#### What you should do:
Reproduce the listing below character for character; drop every image.

#### Data shown:

Start of Block

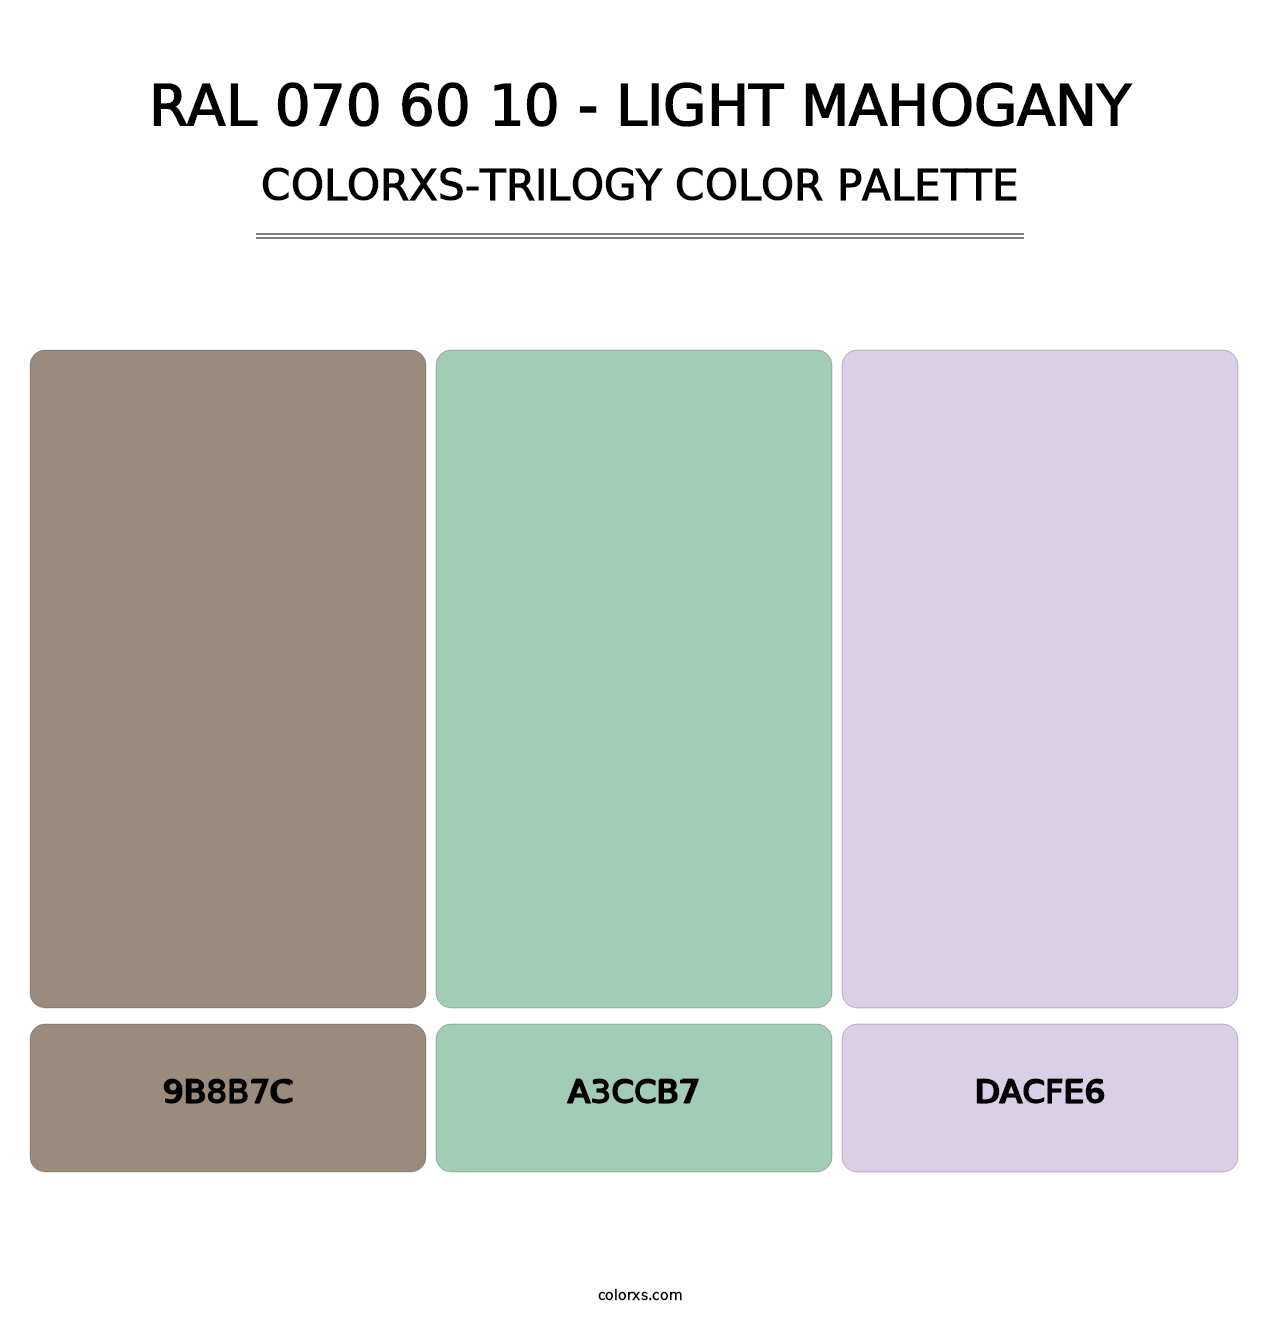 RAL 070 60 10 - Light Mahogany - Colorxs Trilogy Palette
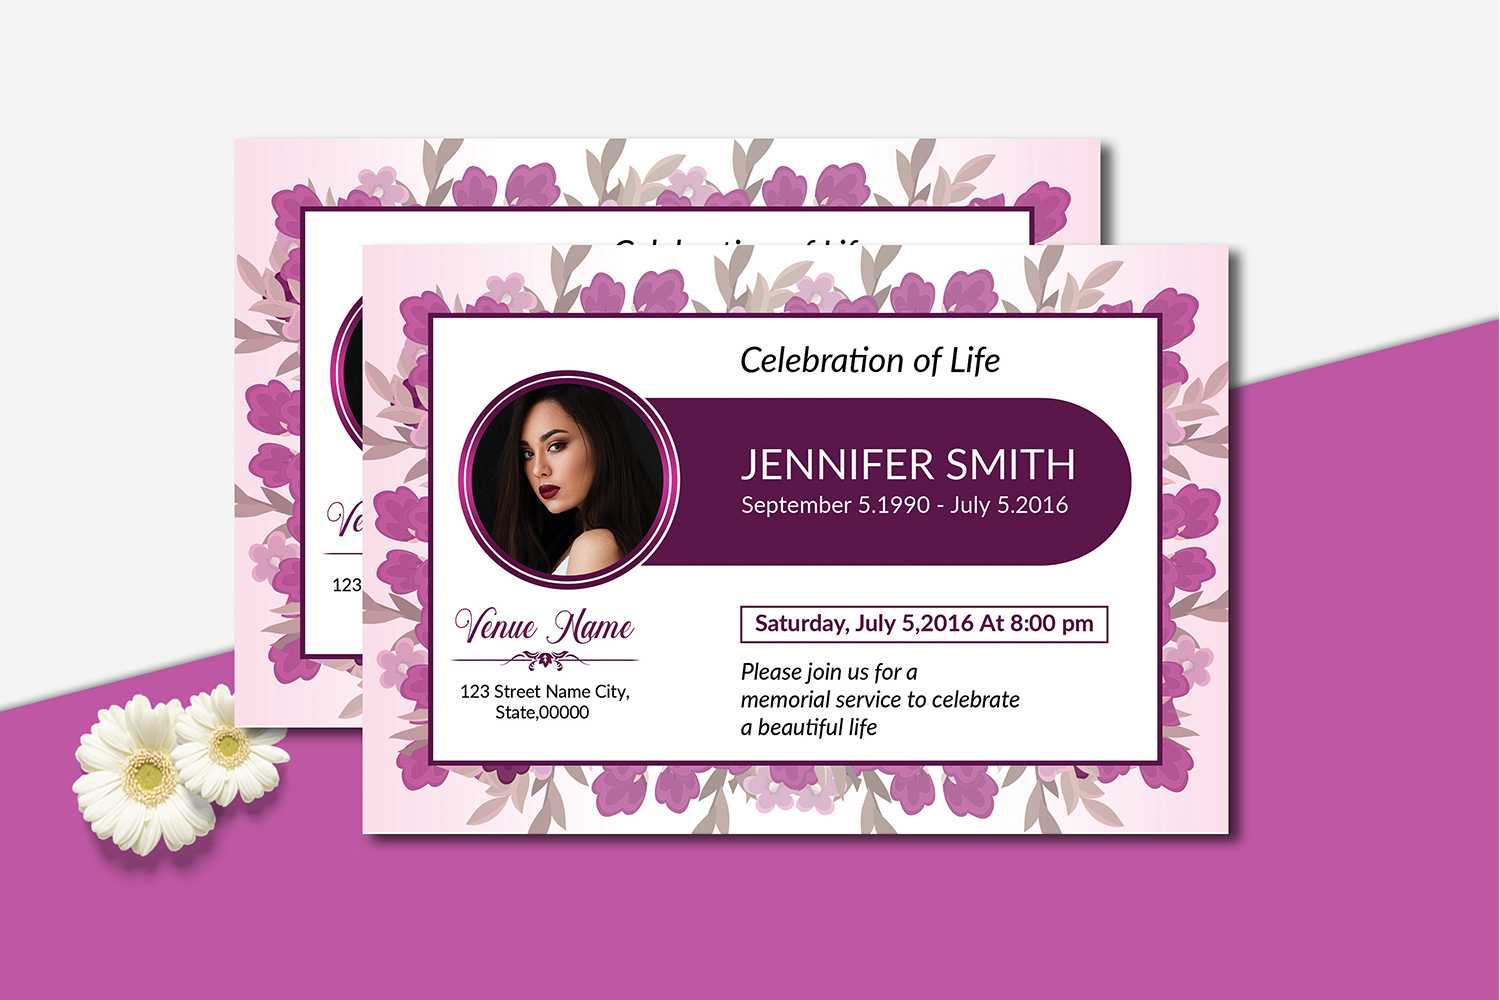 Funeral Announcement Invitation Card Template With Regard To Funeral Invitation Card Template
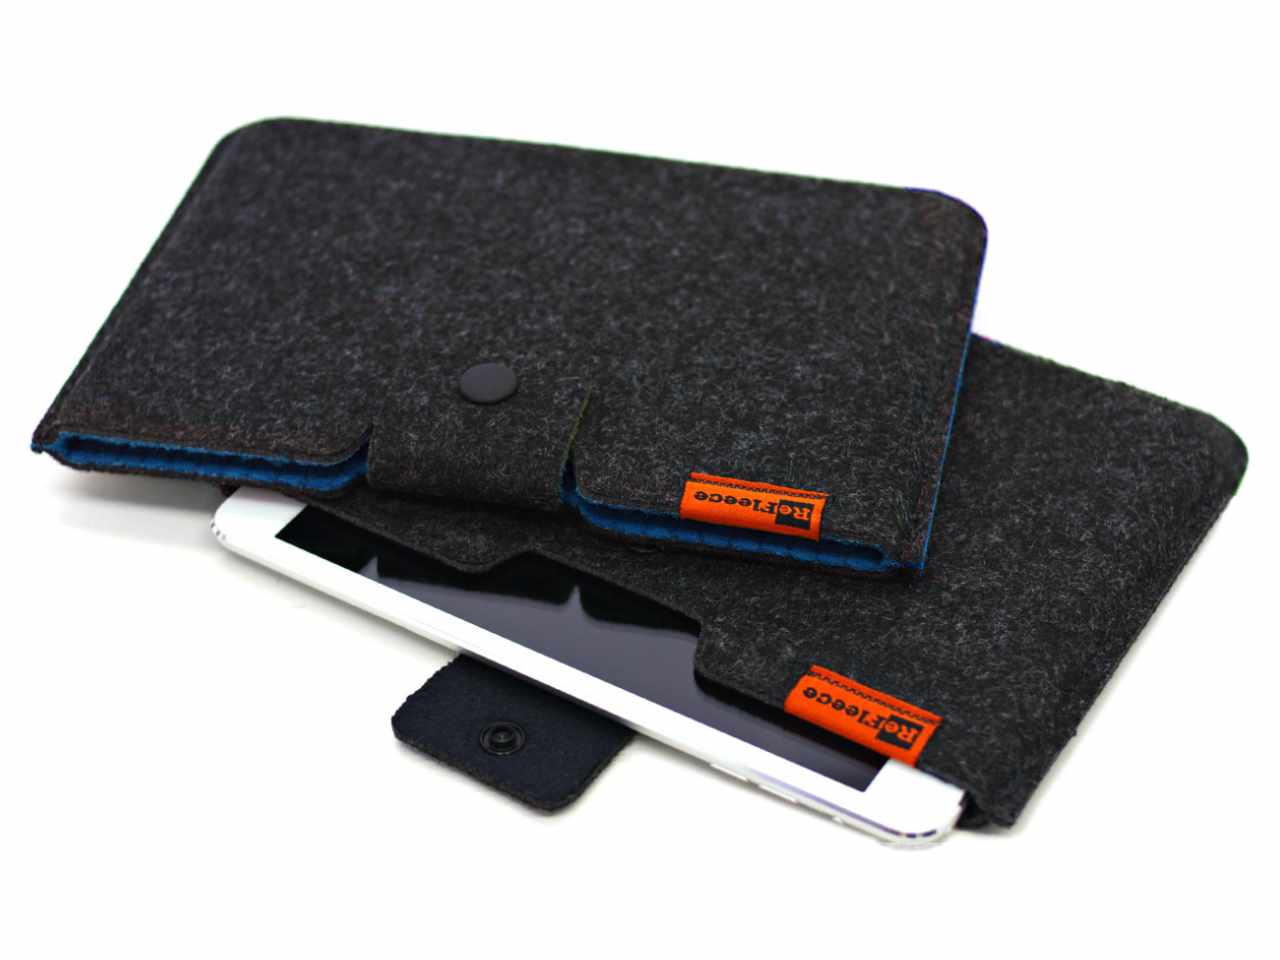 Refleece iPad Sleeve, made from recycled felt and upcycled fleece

End of Block

#### Task answer:
 RAL 070 60 10 - Light Mahogany - Colorxs Trilogy Palette
 Funeral Announcement Invitation Card Template With Regard To Funeral Invitation Card Template
 Refleece iPad Sleeve, made from recycled felt and upcycled fleece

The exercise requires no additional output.